Il serpente e il Rosario (1862)

I parte

            Il 20 agosto 1862 recitate le preghiere della sera D. Bosco, dopo dati alcuni avvisi spettanti l’ordine della casa, disse:

            – Voglio contarvi un mio sogno fatto poche notti sono. (Deve essere la notte che precedeva la festa dell’Assunzione di Maria SS.)
            Sognai di trovarmi con tutti i giovani a Castelnuovo d’Asti a casa di mio fratello. Mentre tutti facevano ricreazione, viene a me uno ch’io non sapeva chi fosse, e mi invita ad andar con lui. Lo seguii e mi menomai in un prato attiguo al cortile e là mi indicò fra l’erba un serpentaccio lungo sette od otto metri e di una grossezza straordinaria.
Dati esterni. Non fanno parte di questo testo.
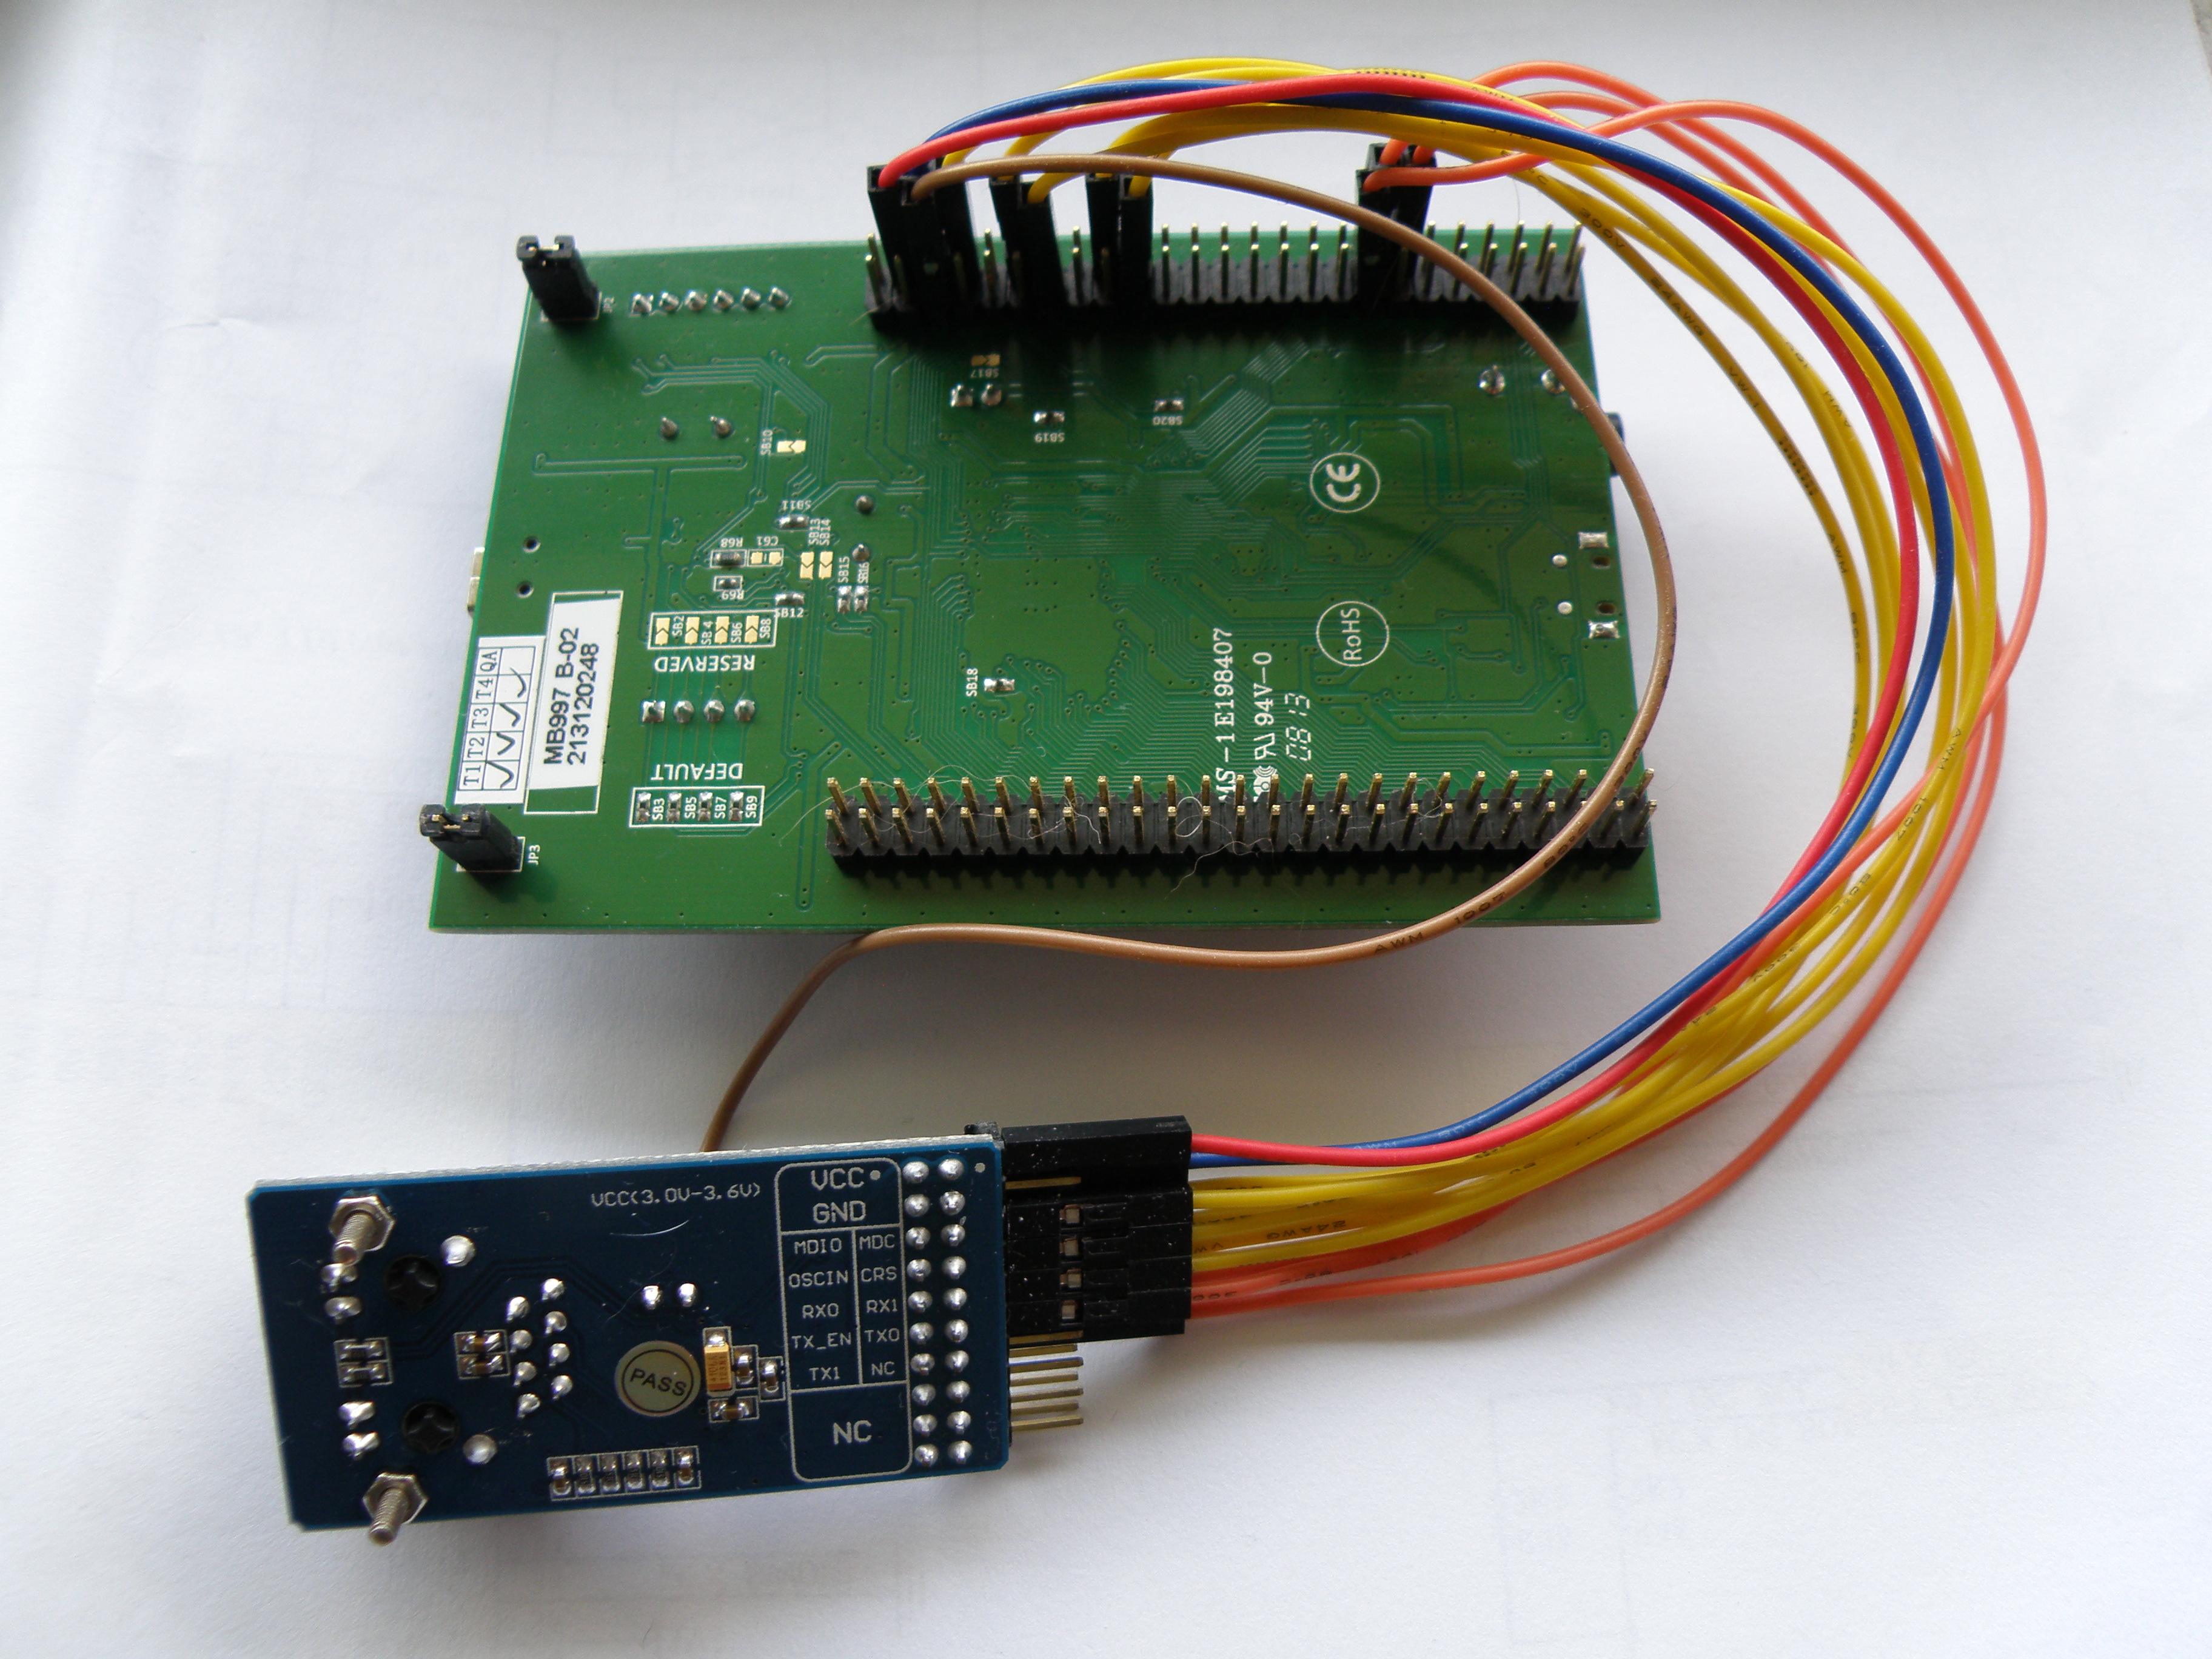 Stm32 connection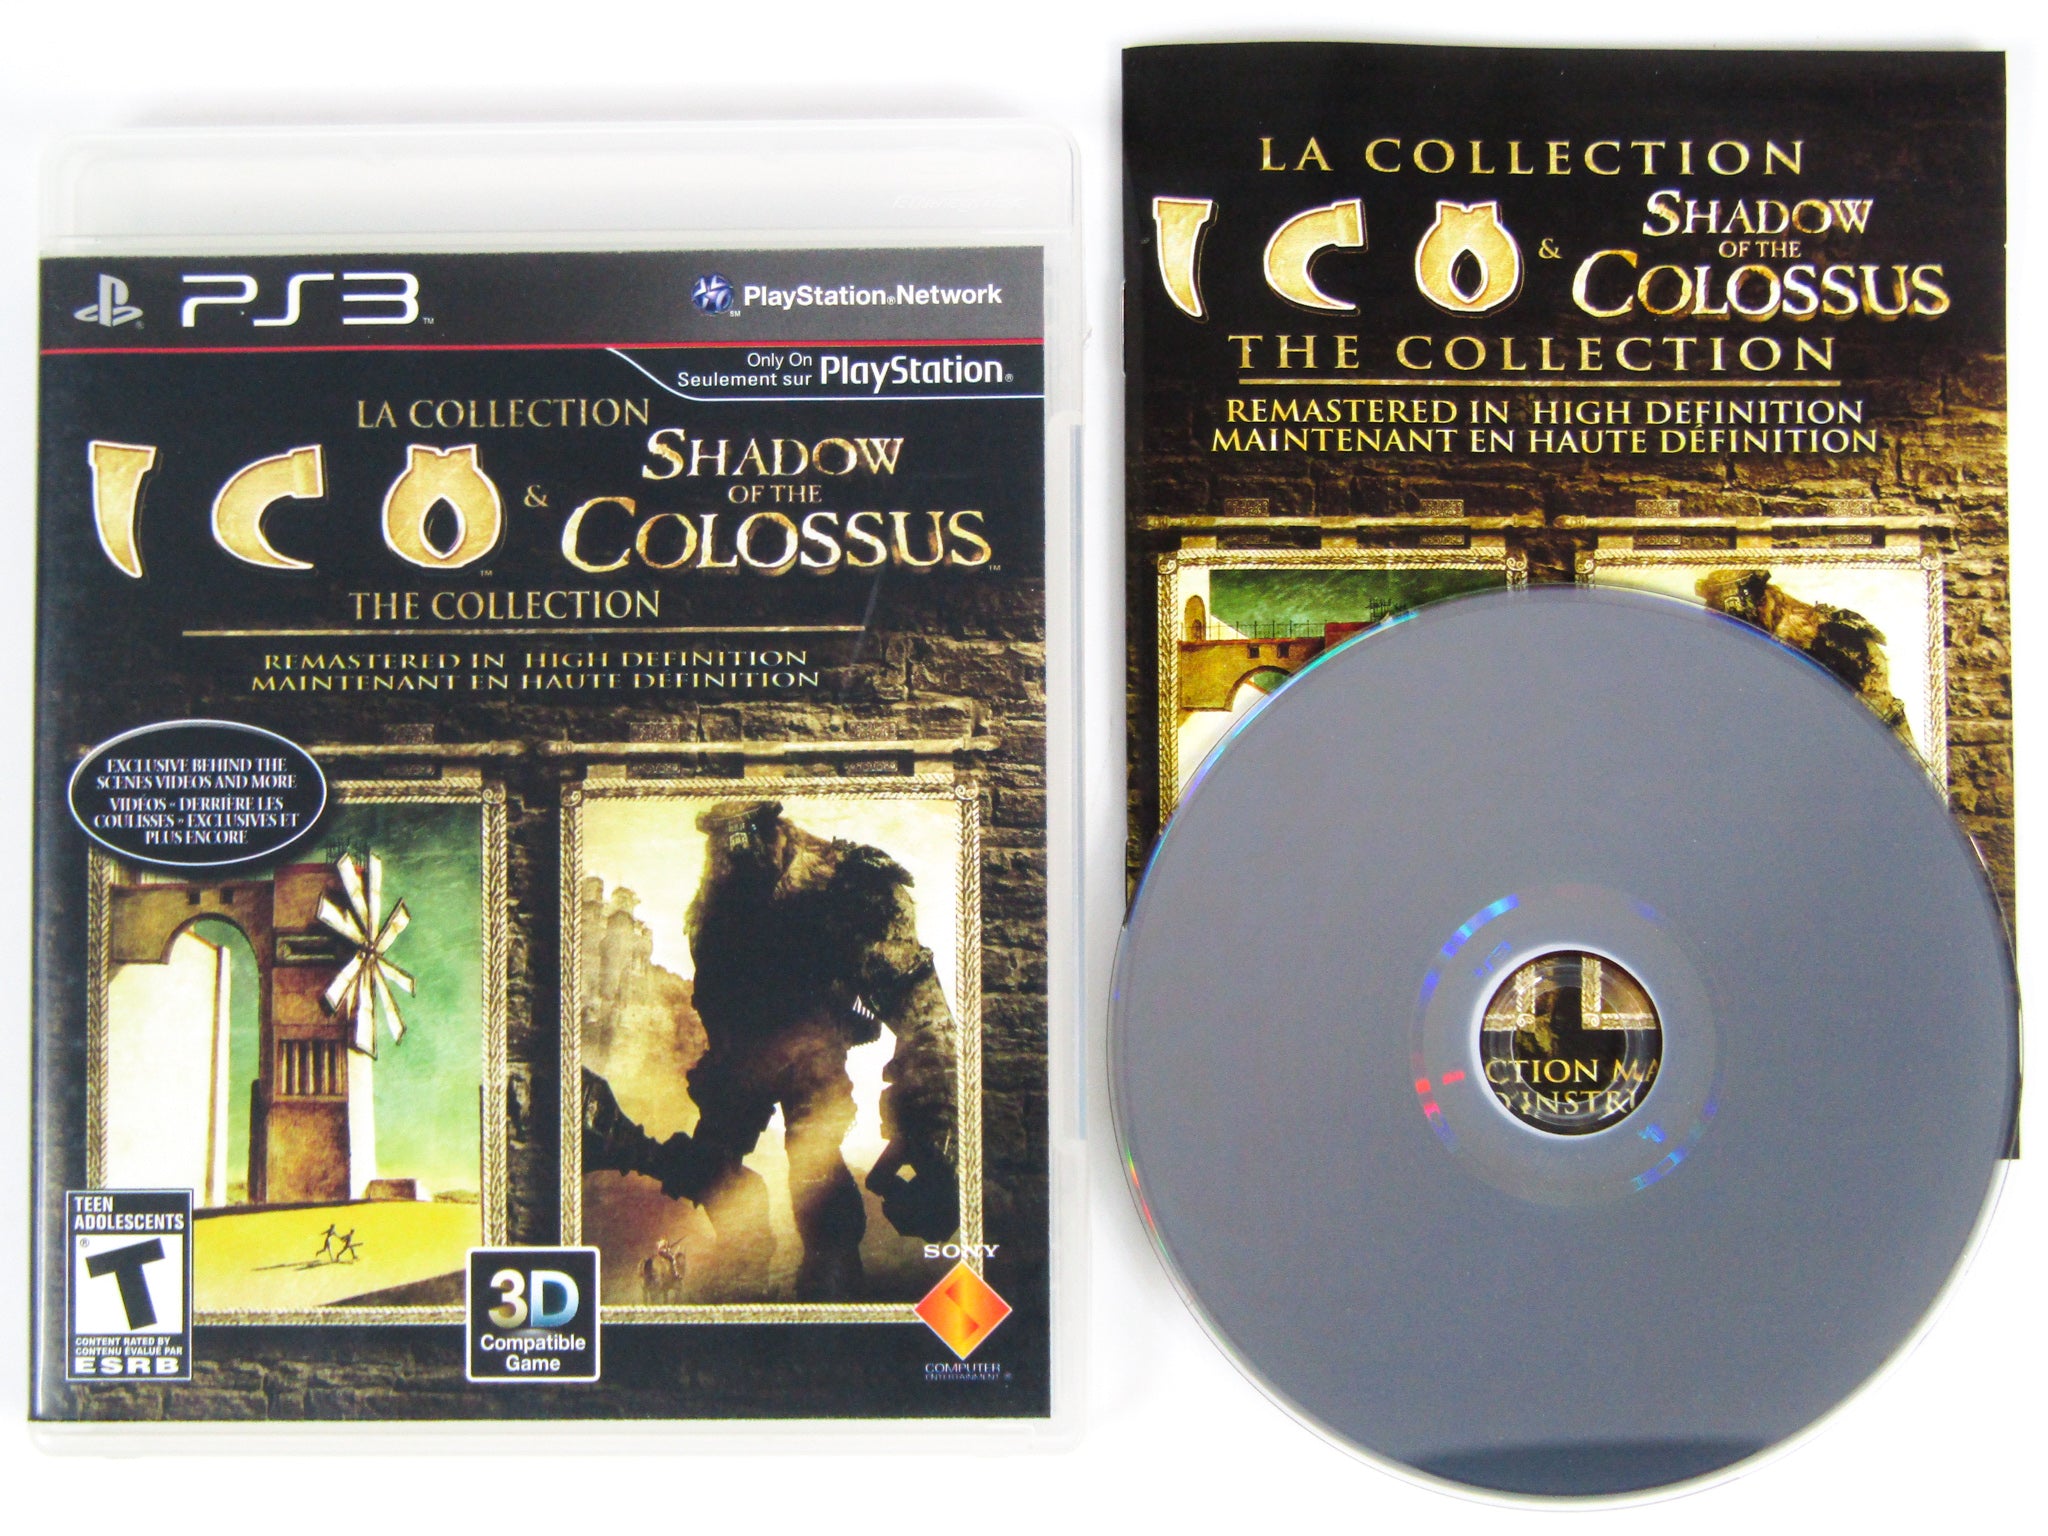 ICO and Shadow Of the Colossus PS3 by Tomyblues on DeviantArt

Inorridii a tal vista e voleva fuggirmene:
            – No, no, mi disse quel tale; non fugga; venga qui e veda.
            – E come, risposi, vuoi che io osi avvicinarmi a quella bestiaccia? Non sai che è capace d’avventarmisi addosso e divorarmi in un istante?
            – Non abbia paura non le recherà alcun male; venga con me.
            – Ah! non son così pazzo di andarmi a gettare in tal pericolo.
            – Allora, continuò quello sconosciuto, si fermi qui! E poi andò a prendere una corda e con questa in mano ritornò presso di me e disse:
            – Prenda questa corda per un capo e lo tenga ben stretto fra le mani; io prenderà l’altro capo e andrò alla parte opposta e così sospenderemo la corda sul serpente.
            – E poi?
            – E poi gliela lasceremo cadere attraverso la schiena.
            – Ah! no, per carità! Perché, guai se noi faremo questo. Il serpe salterà su indispettito e ci farà a pezzi.
            – No, no; lasci fare da me.
            – Là, là! Io non voglio prendermi questa soddisfazione che può costarmi la vita. E già me ne voleva fuggire. Ma quel tale insistette di nuovo, mi assicurò che non avevo di che temere, che il serpe non mi avrebbe fatto male alcuno e tanto disse che io rimasi e acconsentii a far il suo volere. Egli intanto passò dall’altra parte del mostro, alzò la corda e poi con questa diede una sferzata sulla schiena del serpe. Il serpente fa un salto volgendo la testa indietro per mordere ciò che l’aveva percosso, ma invece di mordere la corda, resta da essa allacciato come in cappio corsoio. Allora mi gridò quell’uomo:
            – Tenga stretto, tenga stretto e non lasci sfuggire la corda. E corse ad un pero che era là vicino, e legò a quello il capo di corda che aveva tra le mani: corse quindi da me, mi tolse il mio capo di corda e andò a legarlo all’inferriata di una finestra della casa. Frattanto il serpente si dimenava, si dibatteva furiosamente e dava giù tali colpi in terra colla testa e colle immani sue spire, che si lacerava le sue carni e ne faceva saltare i pezzi a grande distanza. Così continuò finché ebbe vita; e morto che fu, più non rimase di lui che il solo scheletro spolpato.
            Morto il serpente, quel medesimo uomo slegò la corda dall’albero e dalla finestra, la trasse a sé, la raccolse, ne formò come un gomitolo e poi mi disse:
            – Stia attento neh! Così mise la corda in una cassetta che chiuse e poi dopo qualche istante aprì. I giovani erano accorsi attorno a me. Gettammo l’occhio dentro alla cassetta e fummo tutti stupiti. Quella corda si era disposta in modo che formava le parole Ave Maria!
            – Ma come vai ho detto. Tu hai messa quella corda nella cassetta così alla rinfusa ed ora è così ordinata.
            – Ecco, disse colui; il serpente figura il demonio, e la corda l’Ave Maria o piuttosto il Rosario che è una continuazione di Ave Maria, colla quale e colle quali si possono battere, vincere, distruggere tutti i demoni dell’inferno.
            Fin qui, concluse D. Bosco, è la prima parte del sogno. V’è n’è un’altra parte, la quale sarà, ancor più curiosa e interessante per tutti. Ma l’ora è già tarda e perciò differiremo a contarla domani a sera. Frattanto teniamo in considerazione ciò che disse quel mio amico riguardo all’Ave Maria ed al Rosario. Recitiamola devotamente ad ogni assalto di tentazione, sicuri di uscirne sempre vittoriosi. Buona notte!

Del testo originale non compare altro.